In 2020, the two learned that over a period of time, several pregnant women from the Plain community had been brought into the Geisinger Lewistown emergency room. All had complications with their home births, assisted by midwives — and the results were sometimes disastrous.

“Lay midwives were transporting patients too late for good outcomes,” Ms. Concini says. “It creates a real challenge when providers have to pick up the pieces with little or no knowledge of the situation.”

Seeking to remedy a “broken relationship,” the team invited local midwives to a meeting. “We ripped the Band-Aid off,” Ms. Concini recalls. “We confronted issues for everyone’s safety — and we learned a lot.”

Key to their approach was building a respectful relationship, as opposed to telling the midwives that Geisinger experts were here to solve a problem.

“We told them, ‘We’re not here to change your practice, discourage home births or turn you in to the government,’” Dr. Bringman says. “There were a lot of fear and trust issues.”

Elissa Concini, MSN, obstetrics clinical nurse educator and Lowell Stoltzfus, MD.
Elissa Concini, MSN, obstetrics clinical nurse educator and Jay Bringman, MD.

The initial meeting expanded into long-term outreach. That allows Geisinger providers to learn from Plain community midwives, such as potential ways to relieve pain naturally and techniques to free a baby’s shoulders during vaginal births.

“This community reveals some of the things we lose sight of in a medical setting,” Ms. Concini says.

Expanding a reputation for fair, respectful care

When COVID patient Leon Zook arrived at Geisinger Lewistown hospital, he didn’t just recover.
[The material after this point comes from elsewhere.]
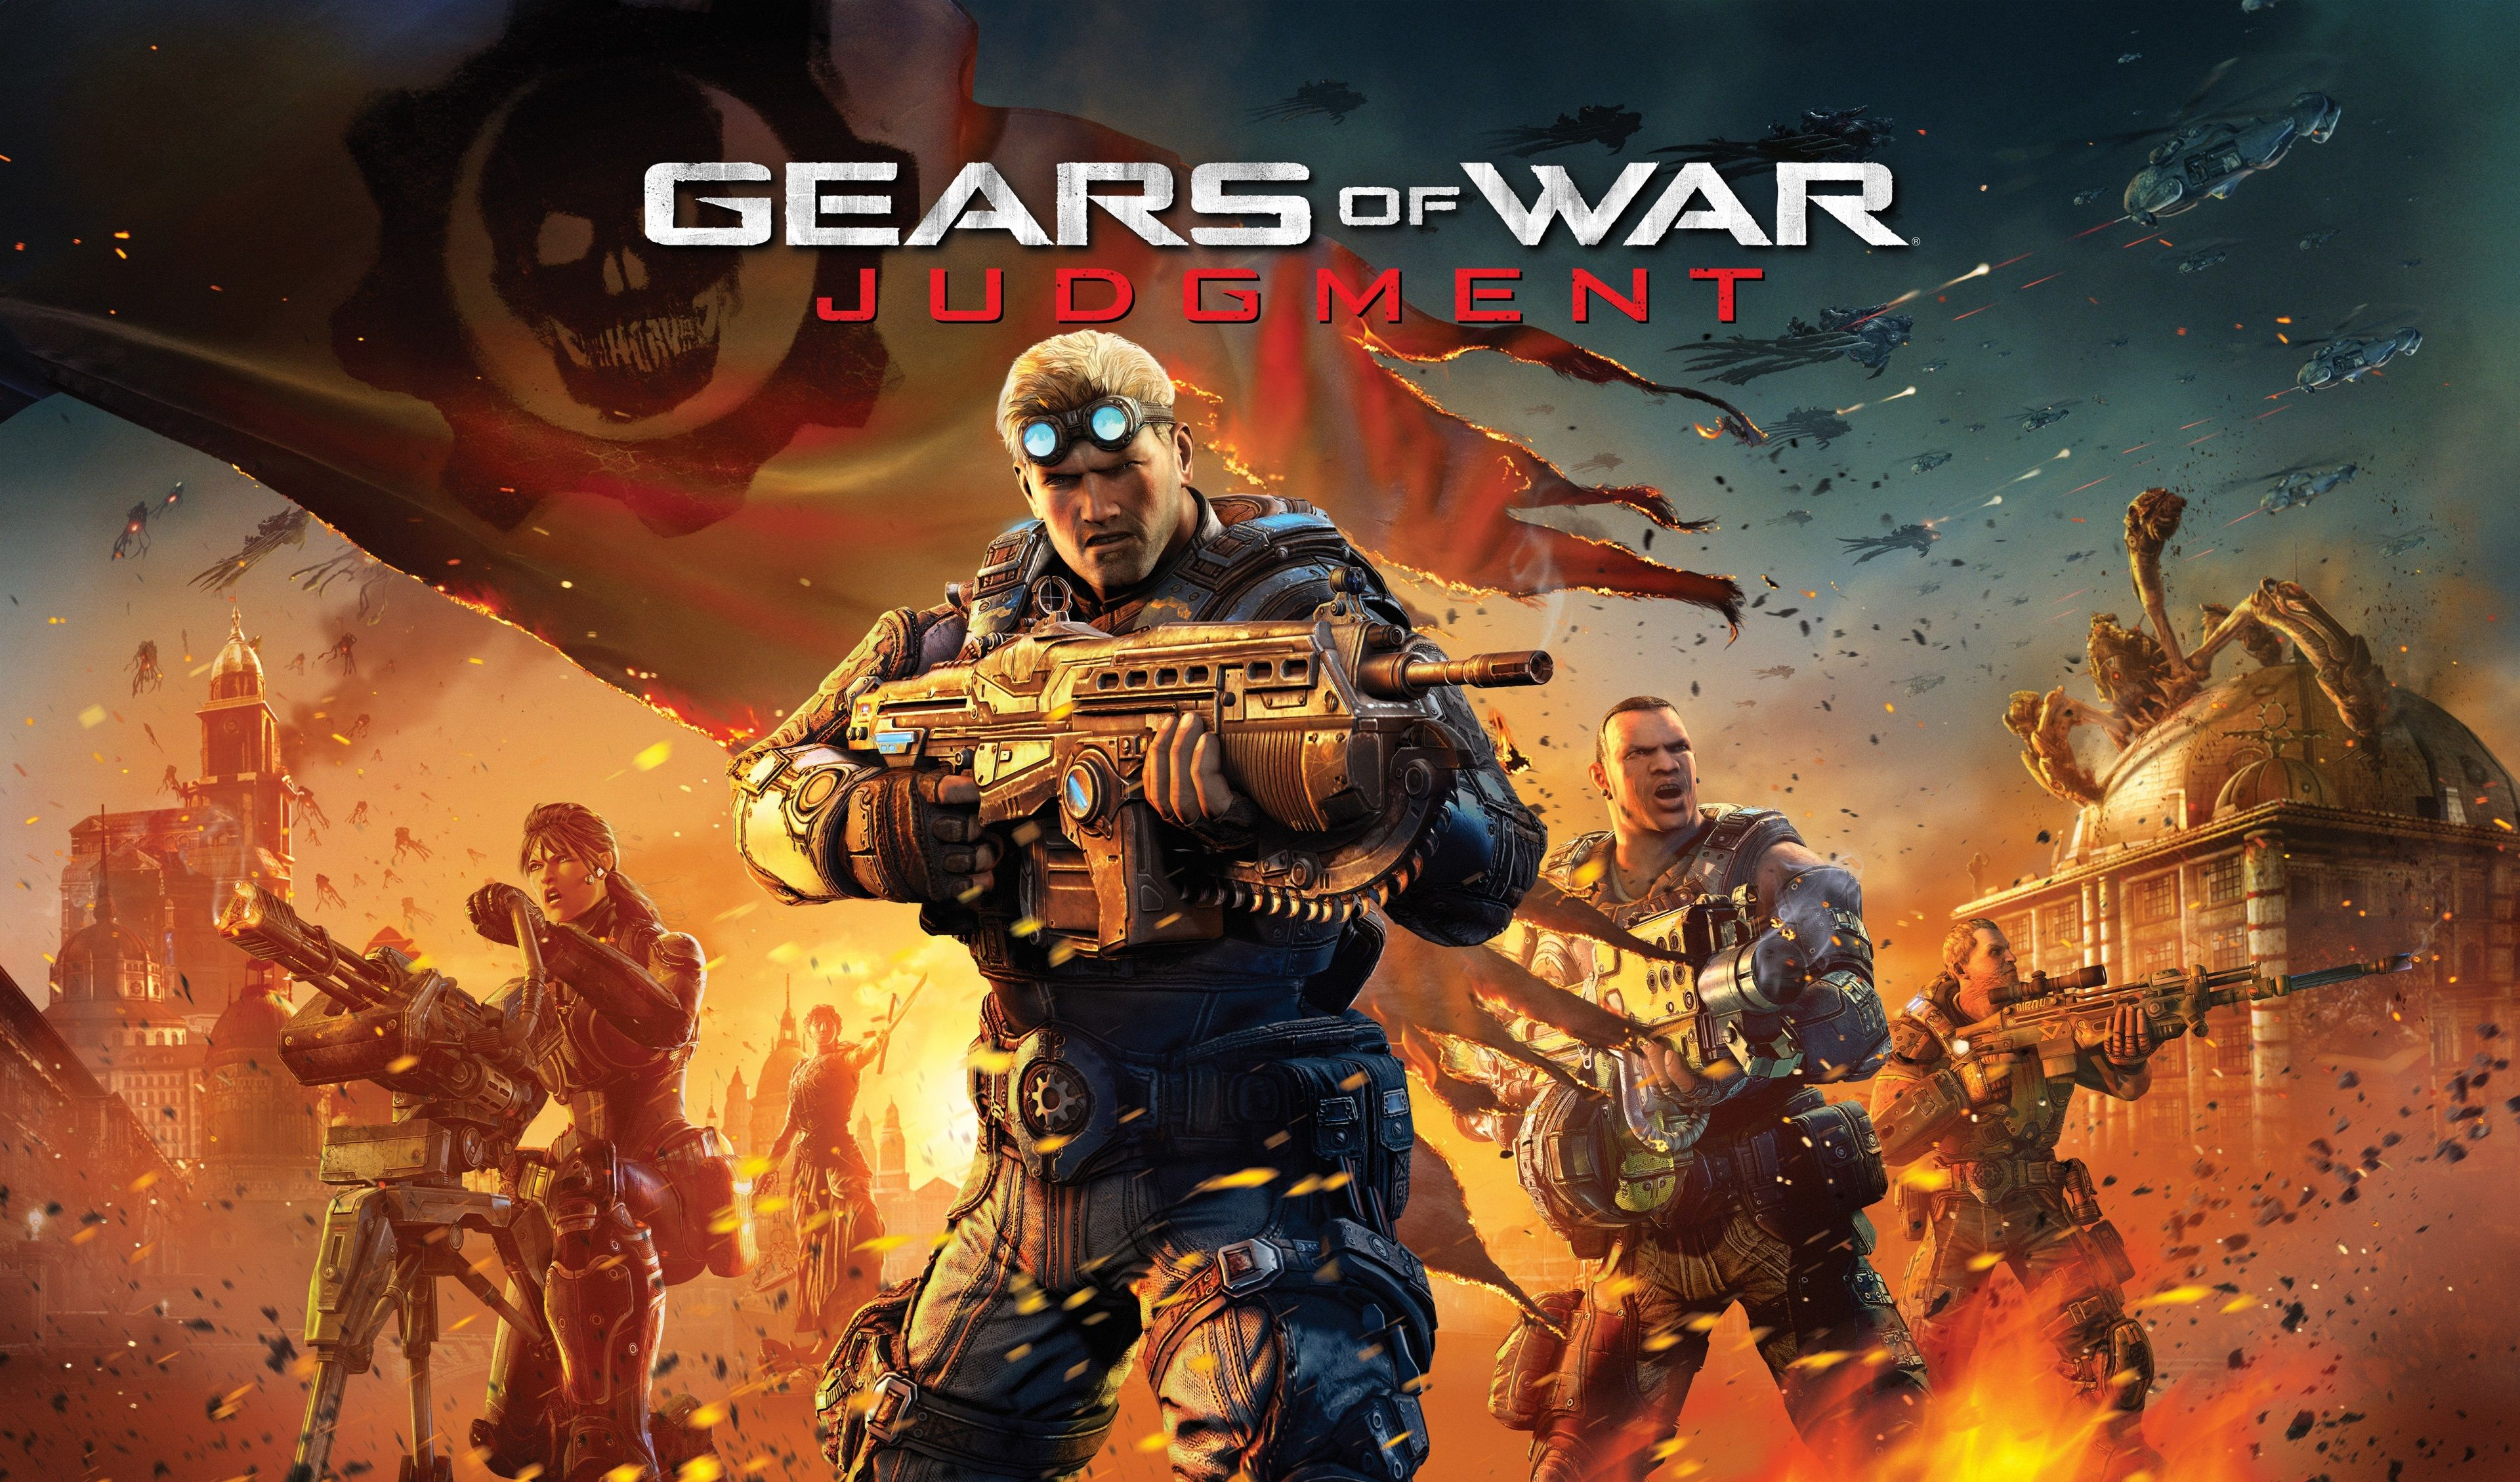 3840x2259 Gears Of War 4k Computer Wallpaper Desktop Background Gears Of War Gears Of War Judgment Xbox 360 Games

He found a new home for his healthcare, even though most Geisinger providers are about eight hours from his house.

“There was a big difference there,” Mr. Zook says. “My wife was allowed to be with me, order my meals and bring me healthy food like smoothies.”

He also discovered that Geisinger is friendly to the Plain community regarding payment. Most Amish and Mennonite people aren’t covered by commercial insurance. They’re used to negotiating for services. But Geisinger offers a payment structure that allows members of the Plain community to pay reasonable rates without bargaining.
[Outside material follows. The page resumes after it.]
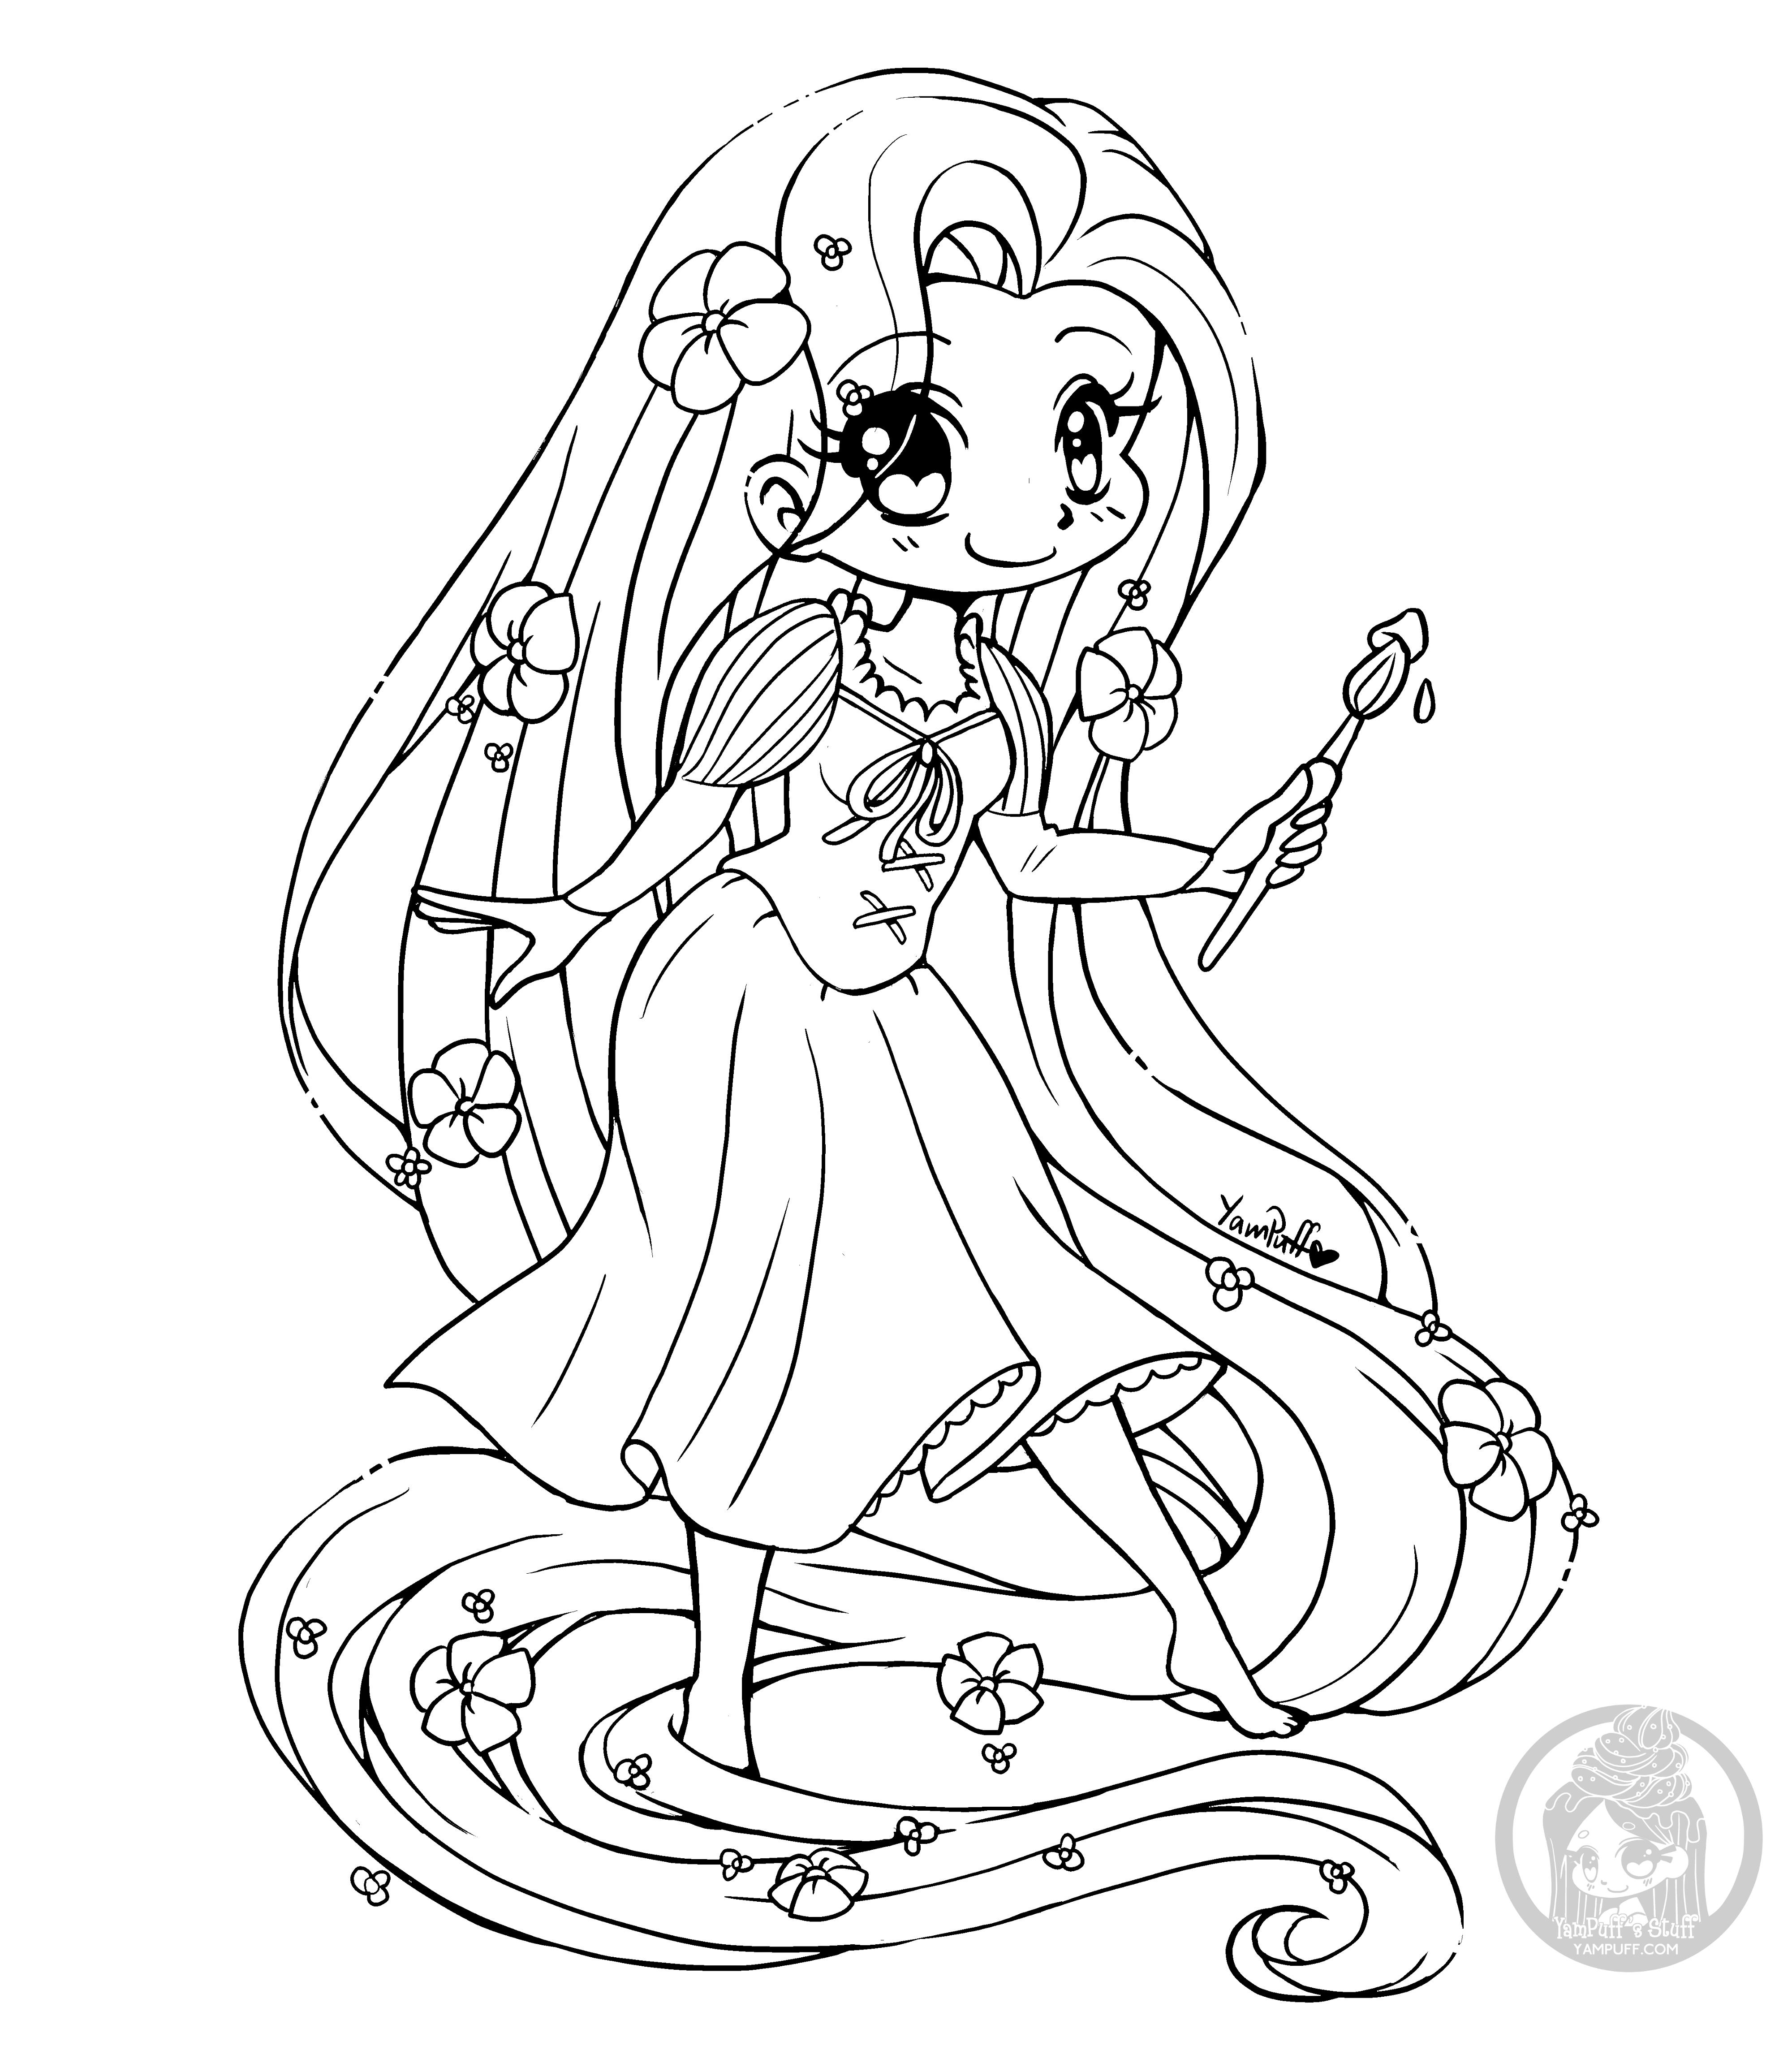 Rapunzel Lineart Update! • YamPuff's Stuff

“We’re not looking for a handout,” Mr. Zook says. “We understand that hospitals need to make money. We just want a reasonable price.”

Thanks to the care he received at Geisinger, Mr. Zook tells other members of the Plain community in Virginia to consider making the trip to Pennsylvania, too.

“Geisinger considers the way we live, and the way we don’t use commercial insurance,” he says. “If people find out there’s a hospital that’s considerate to the Plain community, they’ll go there.”

Ms. Concini says Geisinger benefits from its connections to the Amish and Mennonite communities, too — especially the midwives.

“They’re a pretty remarkable group,” she says. “It would’ve been a great loss if we hadn’t gotten to know them.”